Gürsel UZUN: Gazimağusa ilçe başkanlığı için adınız dün gün boyu kulislerde dolaşsa da diğer rakipleriniz de boş durmadı. Ha gayret…
Ziya EMİR: Dün az kalsın RHA plakalı bir araç arkadan bindiriyormuş size. Bir baksaydınız bakalım içinden kim çıkacaktı.
Orhan YILMAZ (Fıstık): Tavla derslerine dün devam ettik. Merak etme yakında okullar kapanacak. Bende o zaman sana müsaade edeceğim.
Mustafa GÖÇER (Çatlı): UBP’den Lefkoşa milletvekilliği için aday adaylığınızı ilan etmişsiniz ancak artık delege karar vermiyor. Liste hazırlanacak, bilmem anlatabildim mi? Gombinaya girmen gerekiyor.
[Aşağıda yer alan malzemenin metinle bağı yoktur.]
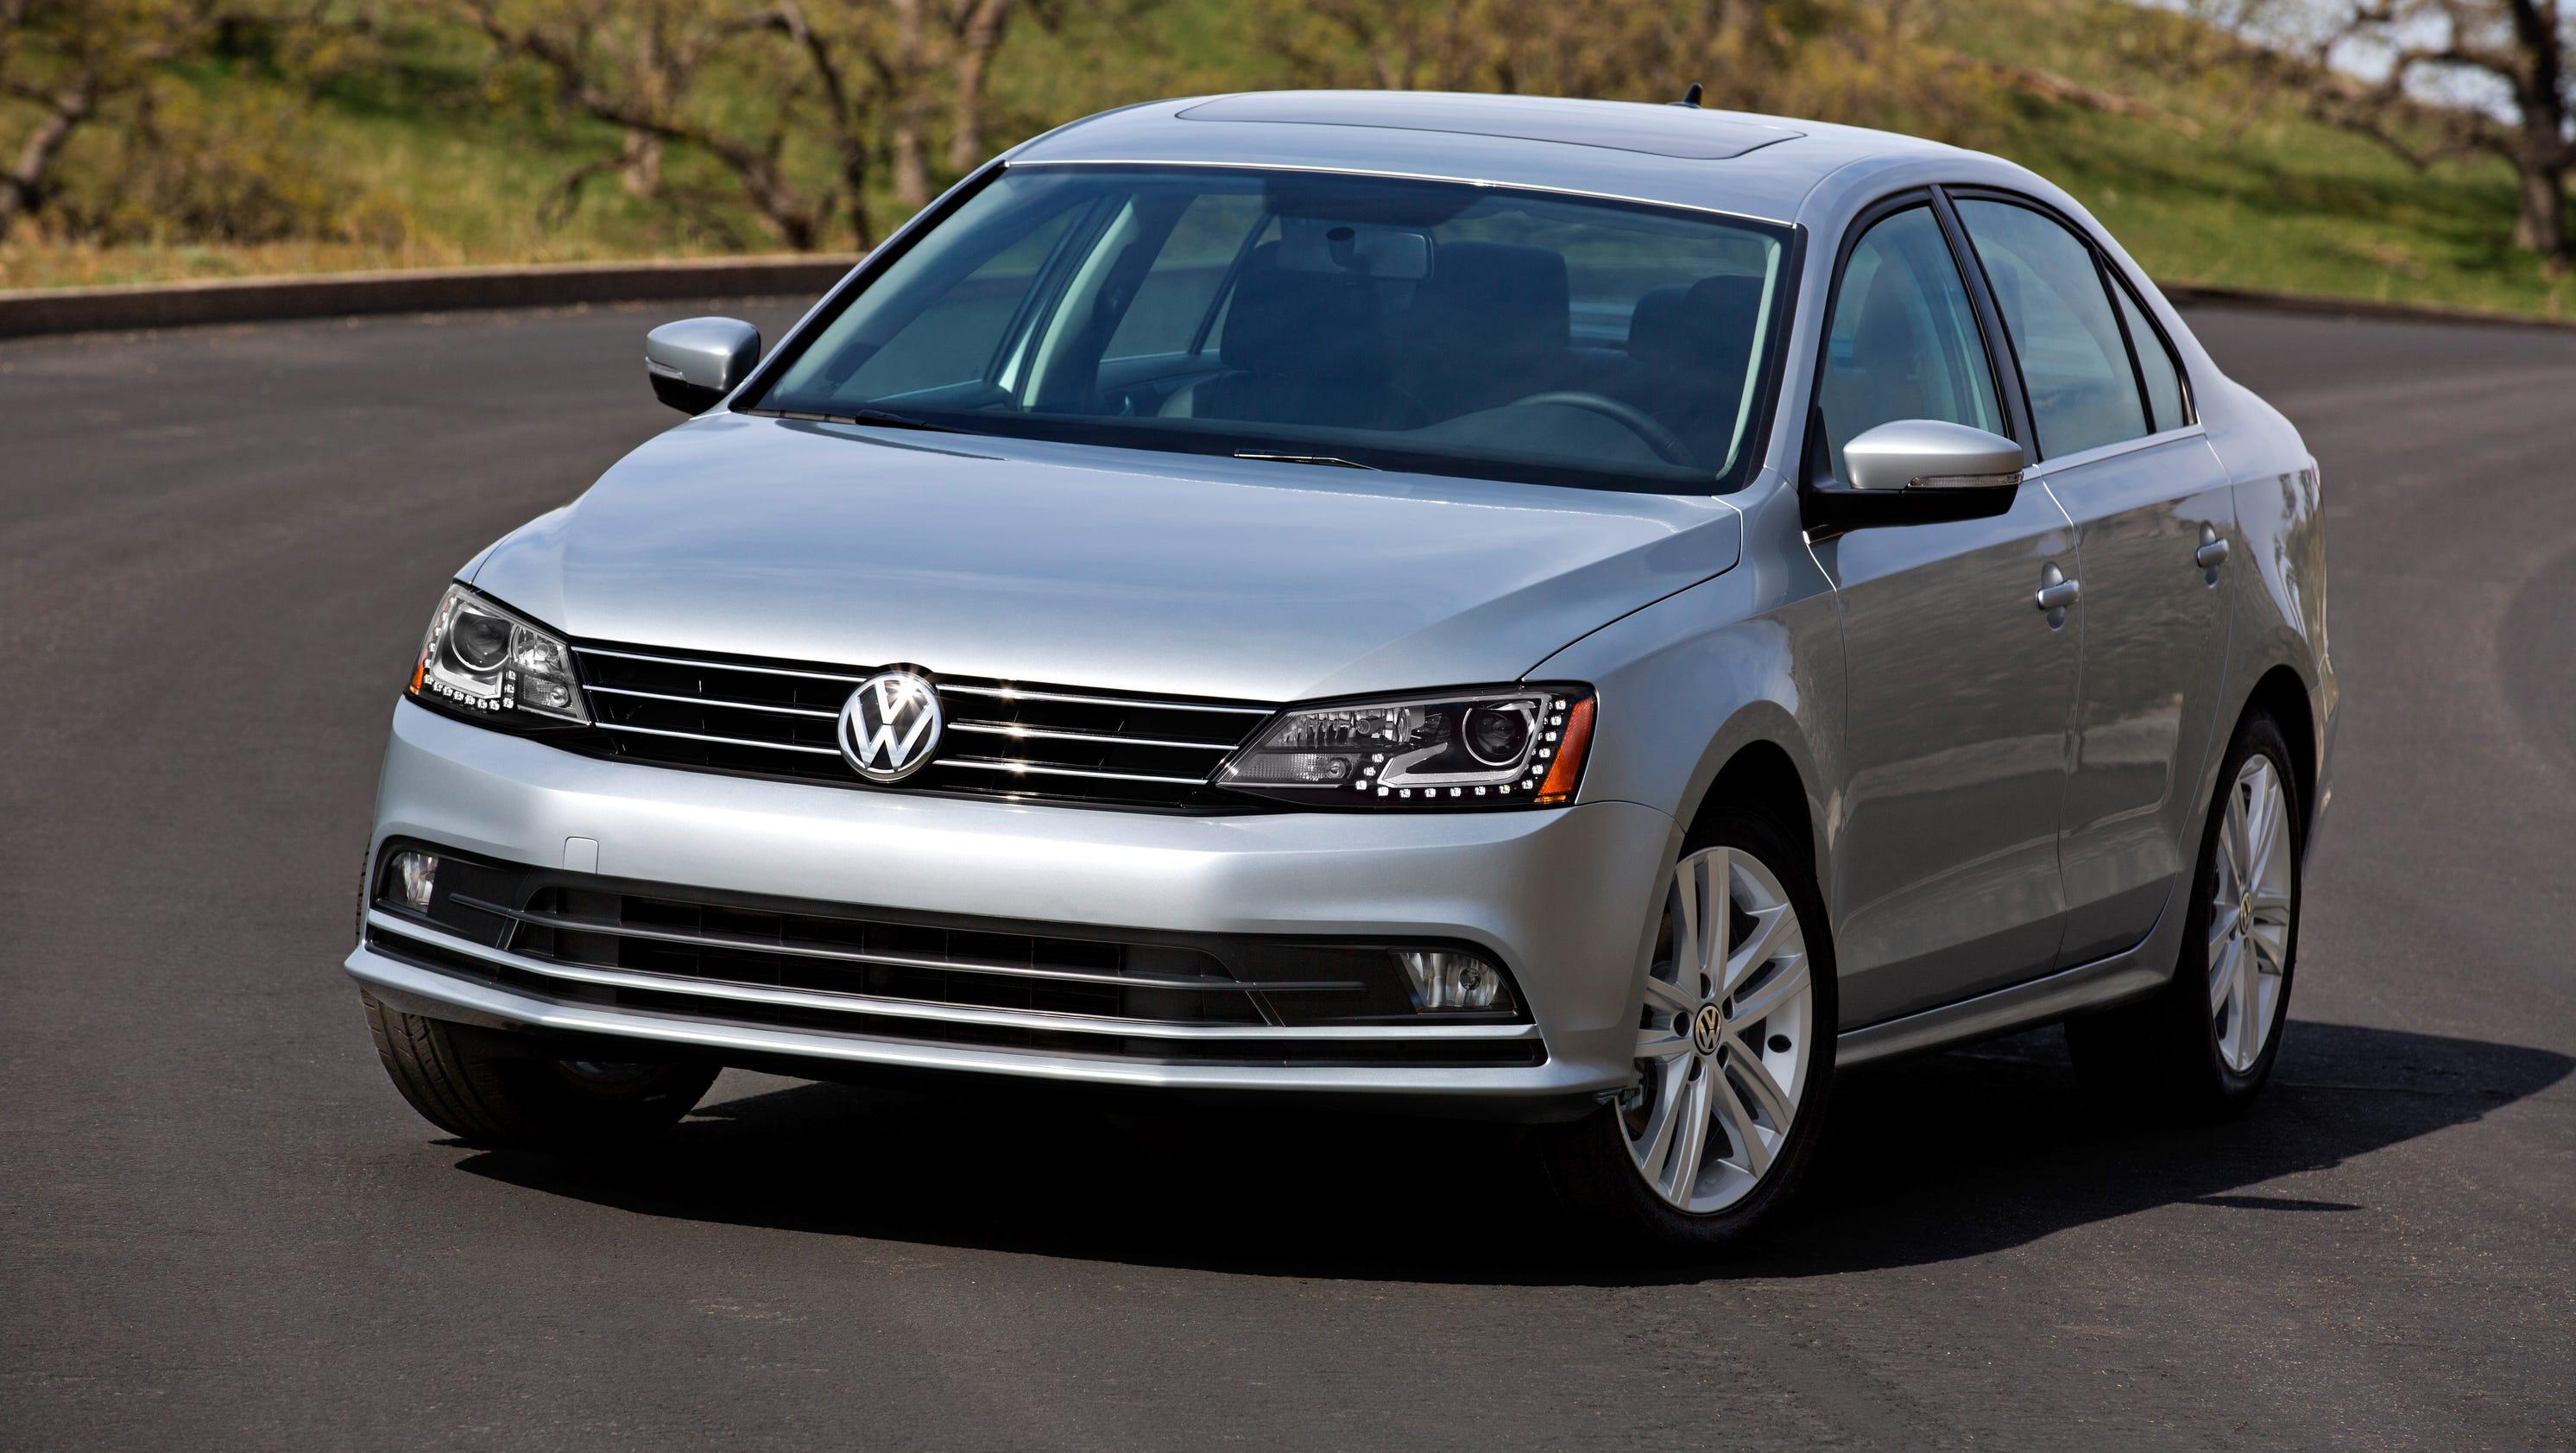 Refreshed 2015 Volkswagen Jetta

Ali YÖENEL: Milli Eğitim Bakanlığı sayenizde çiçek gibi olmuş. Mevcut hali ile birçok bakanlıktan daha iyi bir duruma gelmiş. Ellerinize sağlık.
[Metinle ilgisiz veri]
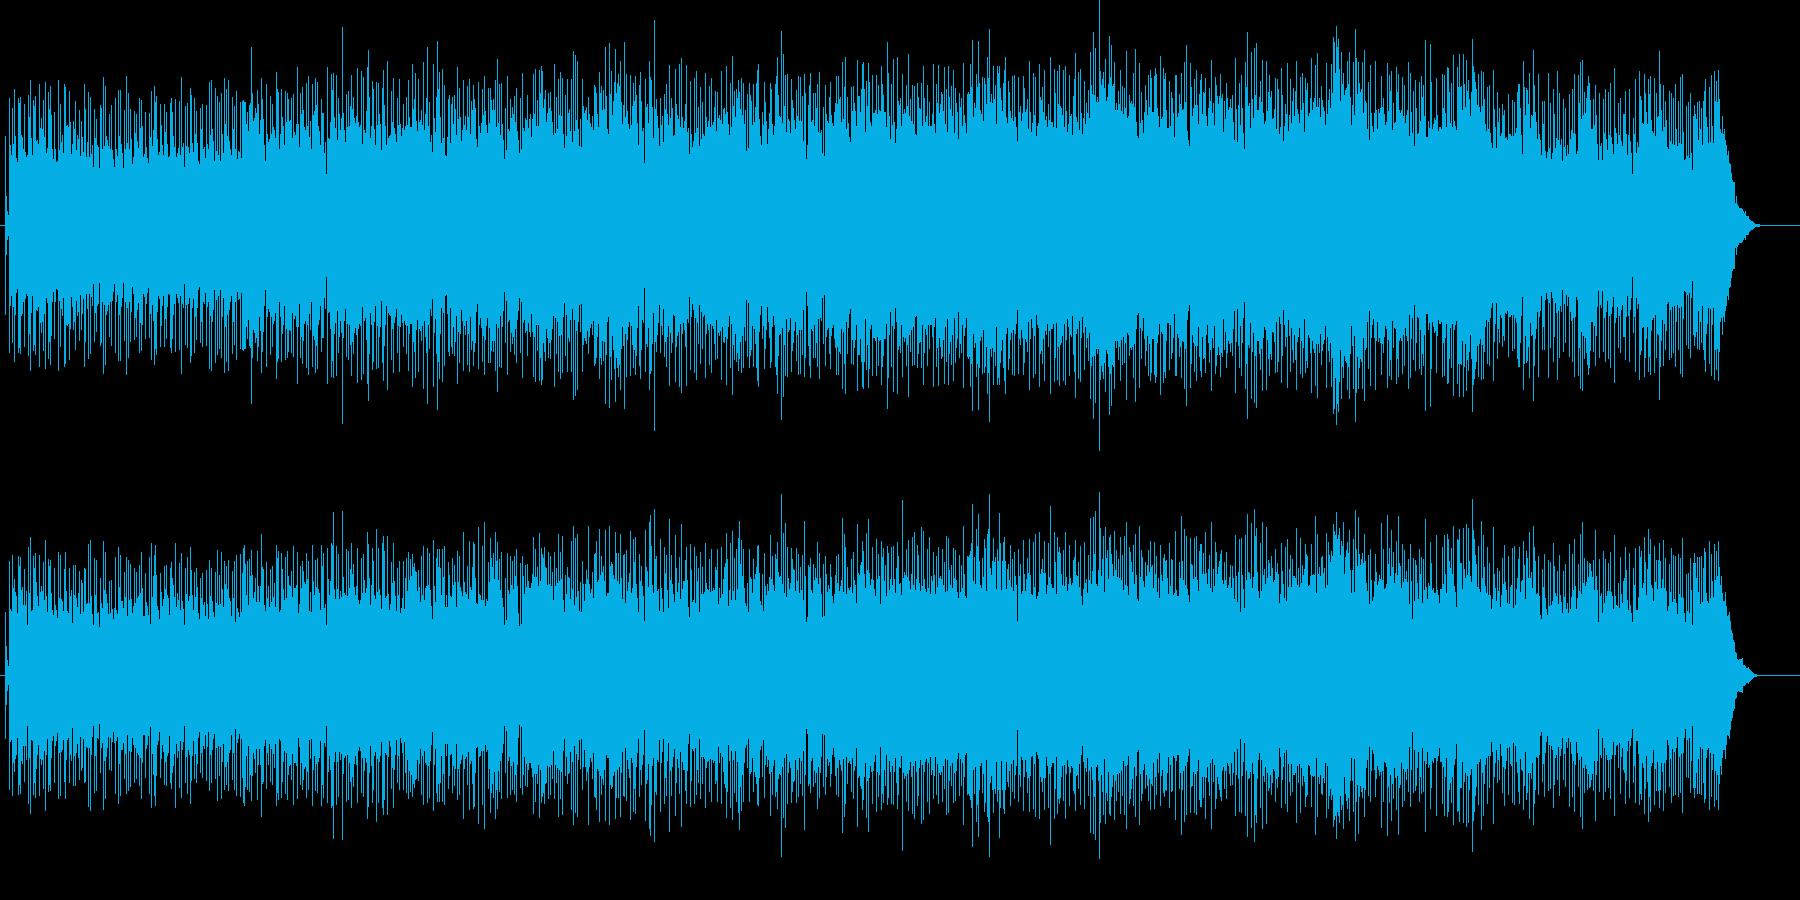 軽快でかっこいいロックゲームBGMの再生済みの波形

Osman UZUN: Bir kebap ısmarlayacağım dedin ortadan kayboldun. Tamam, kebaptan vaaz geçtik bir kahve olsun ısmarla.
Mehmet AMCA: Nenenizi kaybetmişsiniz, başınız sağ olsun. Merhumeye Allahtan Rahmet, geride kalanlara da sabırlar dileriz.
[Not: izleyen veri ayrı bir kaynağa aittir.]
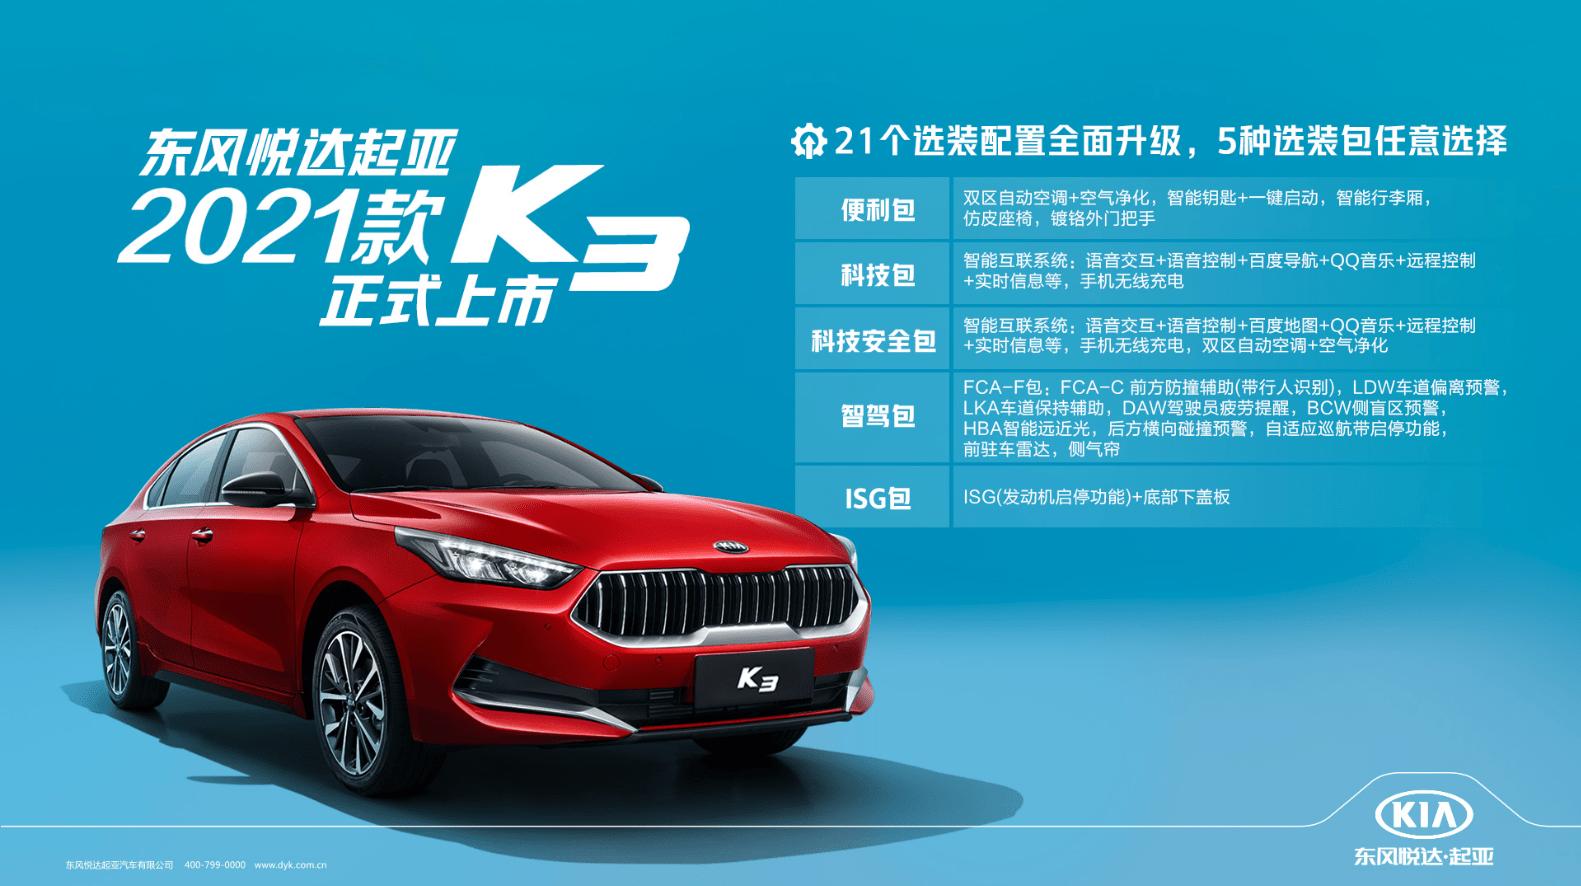 2021款起亚K3正式上市 售价10.98万元起_配置

Ali BİZDEN: Dün gece sizin evde de çok gizli toplantılar yapılmış. Serdar Denktaş’ın evinden sonra şimdi de sizin ev gündeme gelecek desenize.
İzzet İZCAN: Seçim kokusu çıkınca sesiniz de çıkmaya başladı. Ne alemdesin yoldaş!
Metin ŞADİ: Sistem değişikliği diyorsunuz ama hangi siyasinin işine gelir ki bu değişim. Böyle gelmiş böyle gidecek korkarım dostlar..diyor şarkıda.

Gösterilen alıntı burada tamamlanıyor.